• PROBLEM STATEMENT
Retype the following data exactly, but leave its pictures out.

• THE DATA
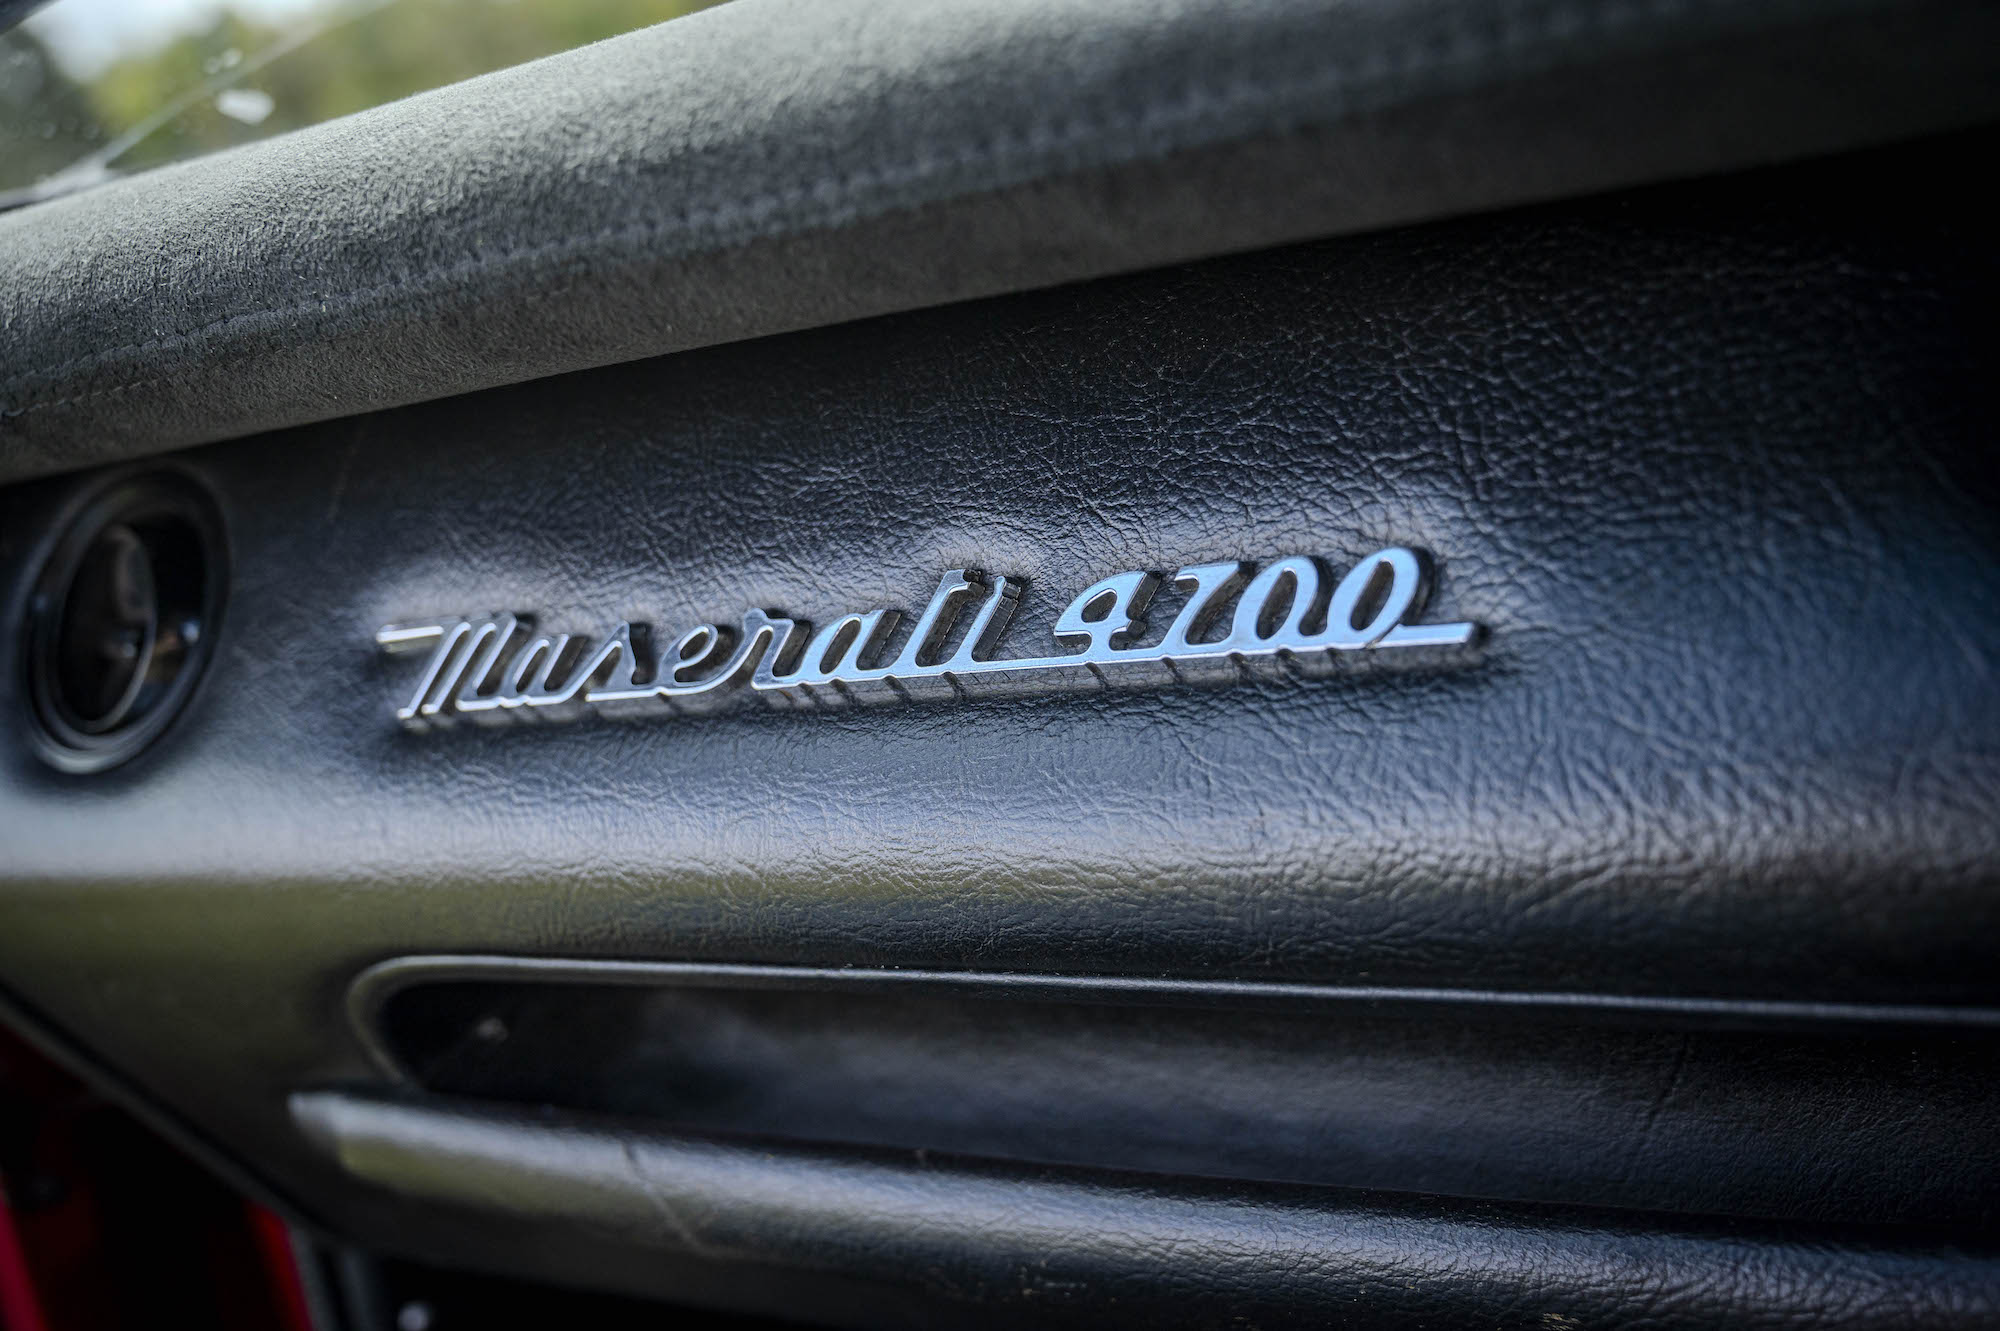 Maserati 4700 badge
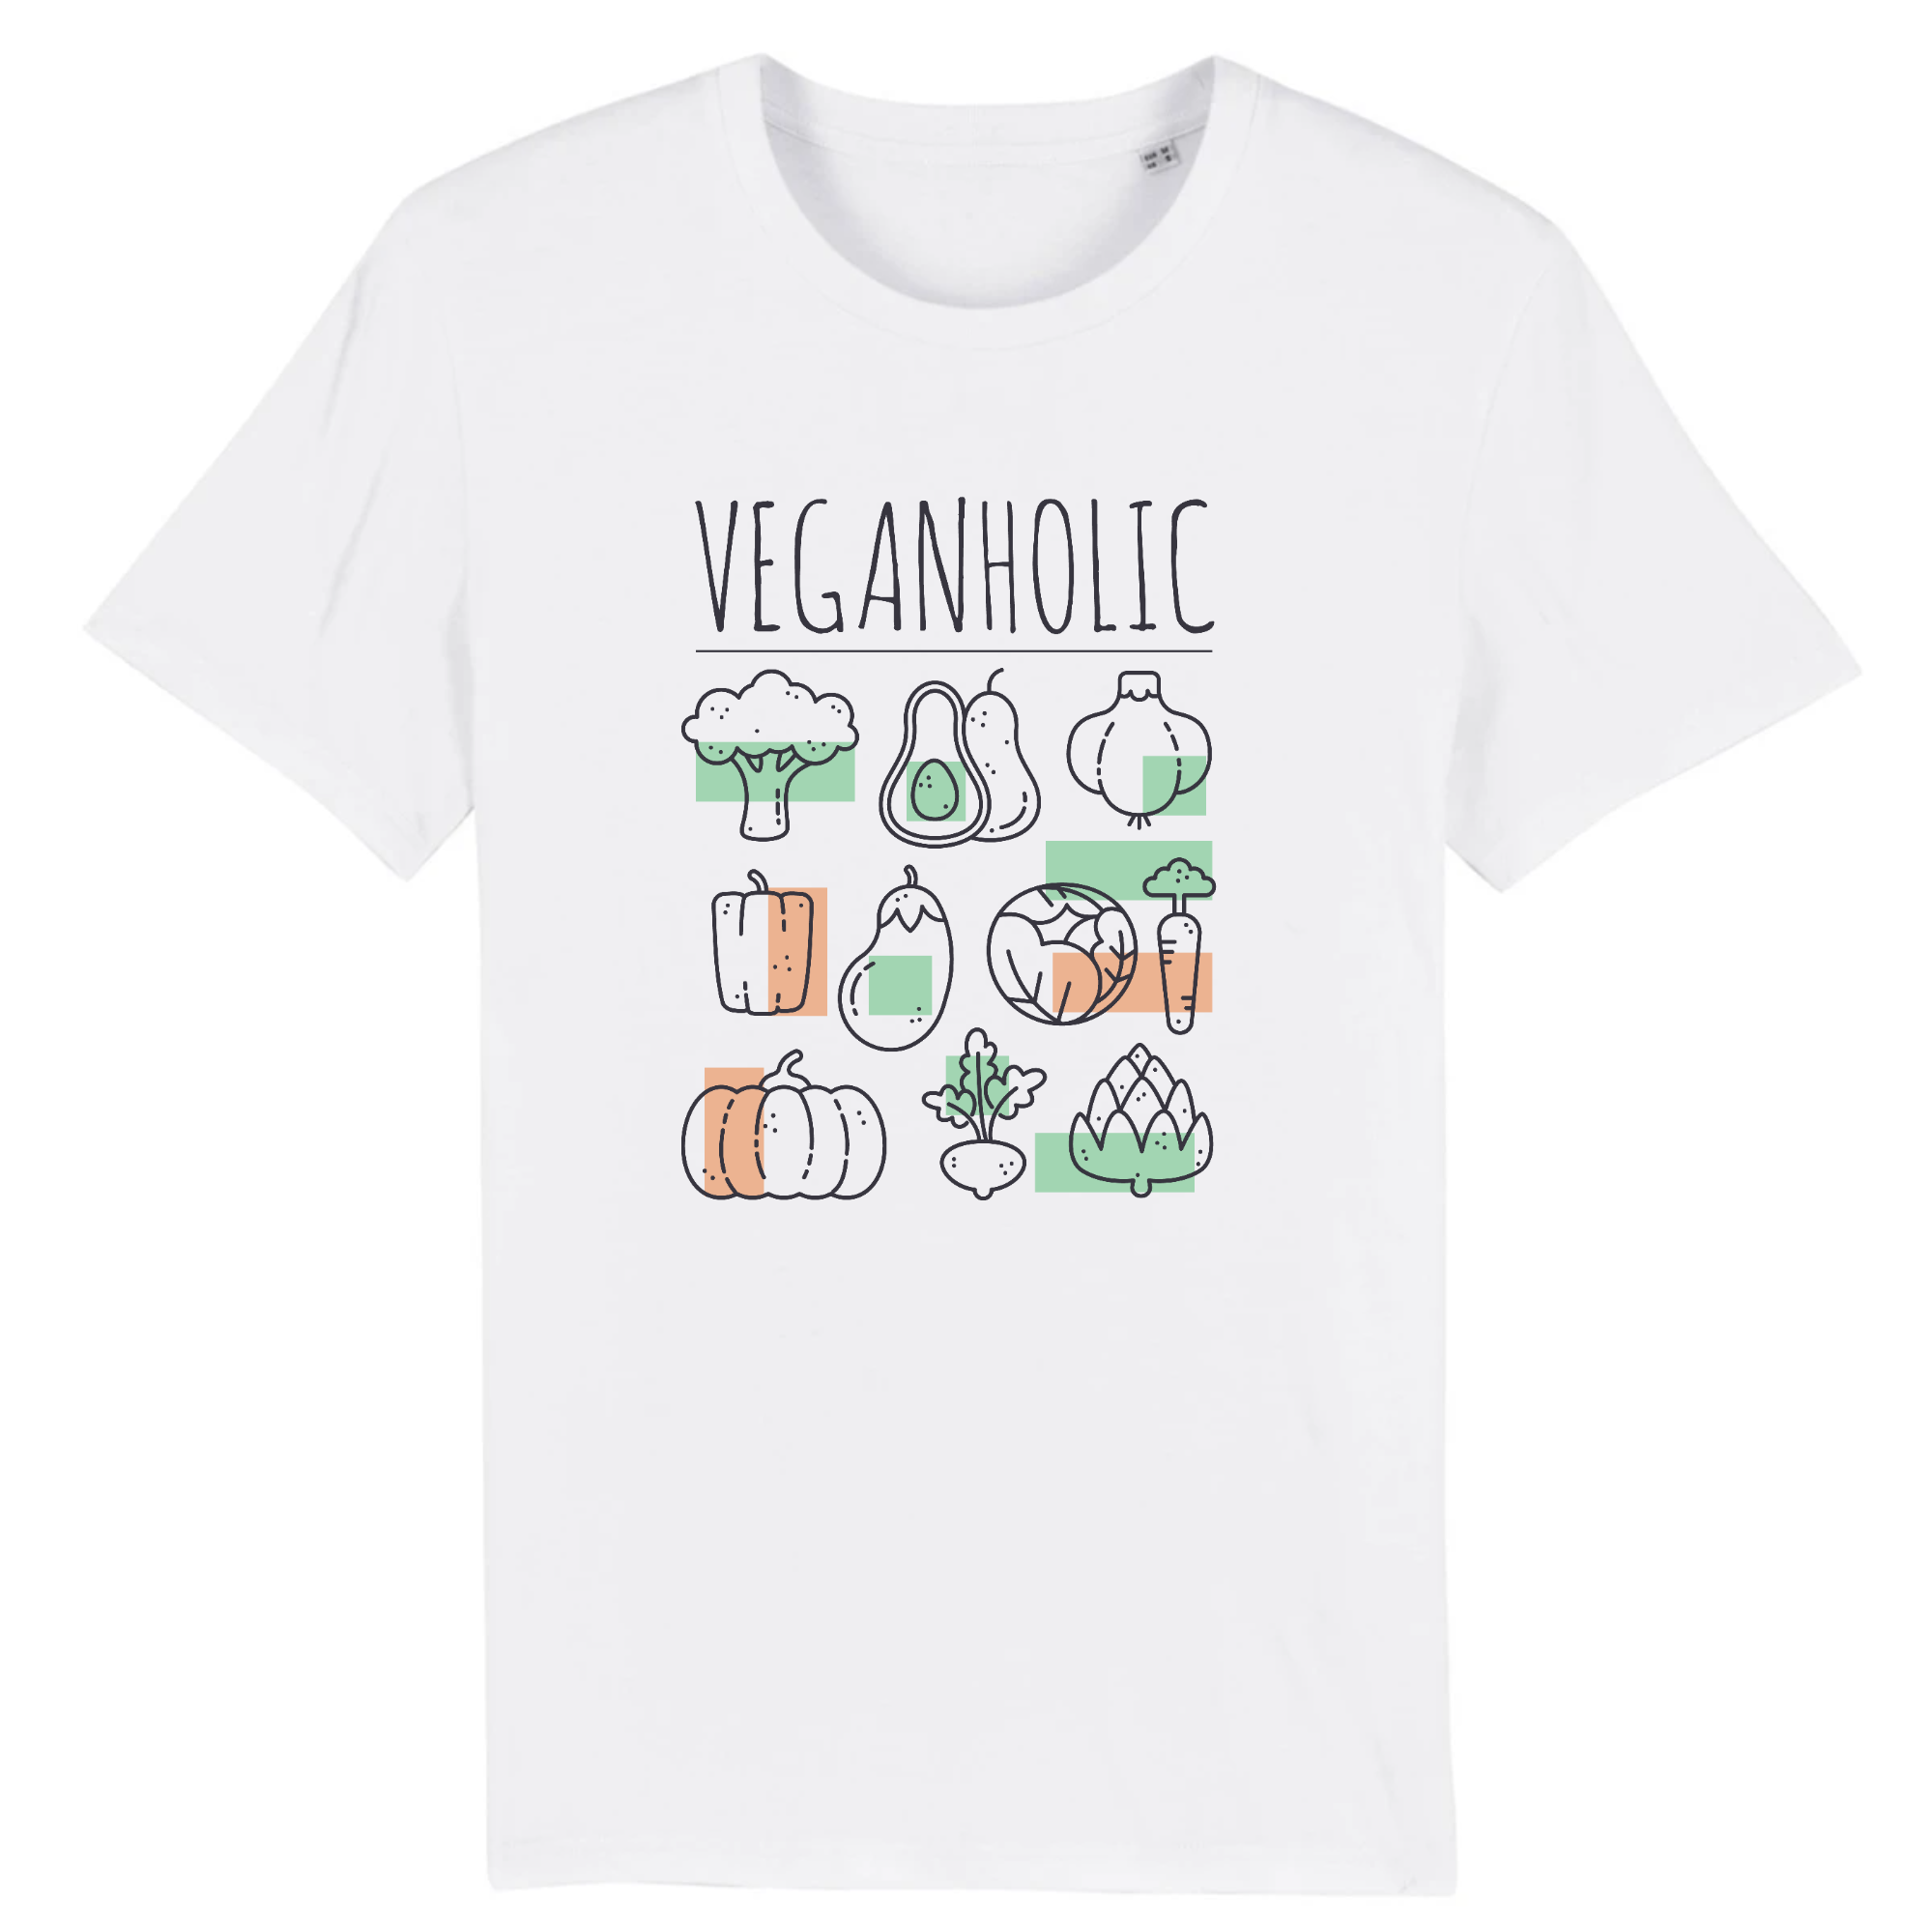 T-shirt bio-veganolic gentlemen
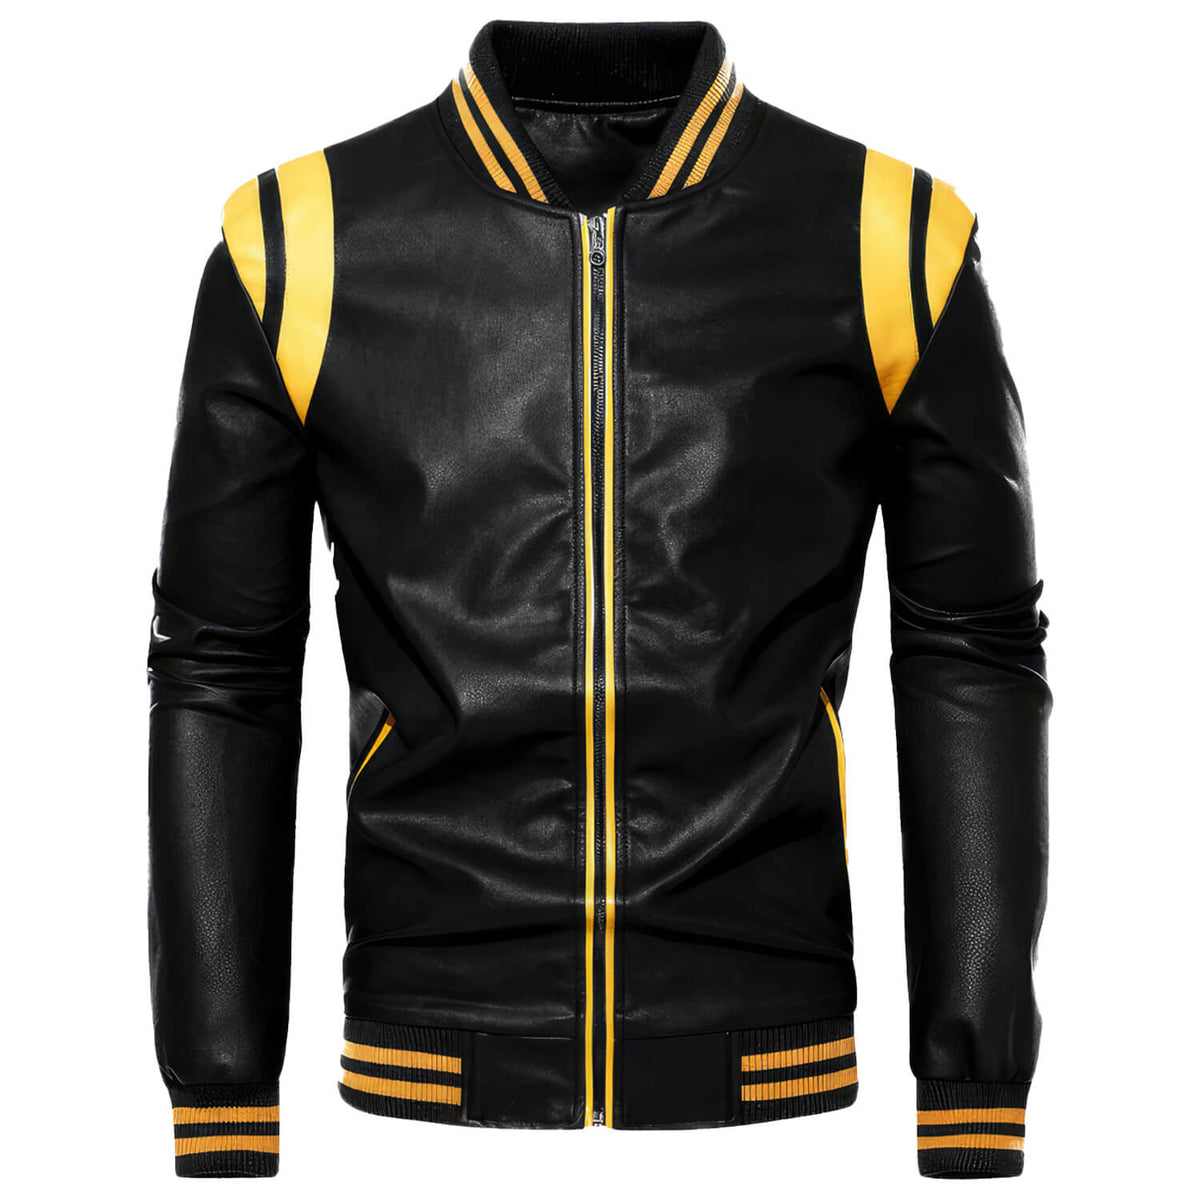 Men’s Black Biker Genuine Sheepskin Sporty Slim Fit Yellow Stripes Rib Knit Bomber Motorcycle Rider Leather Jacket - Front View - AceCart

• TASK RESPONSE
 Maserati 4700 badge
 T-shirt bio-veganolic gentlemen
 Men’s Black Biker Genuine Sheepskin Sporty Slim Fit Yellow Stripes Rib Knit Bomber Motorcycle Rider Leather Jacket - Front View - AceCart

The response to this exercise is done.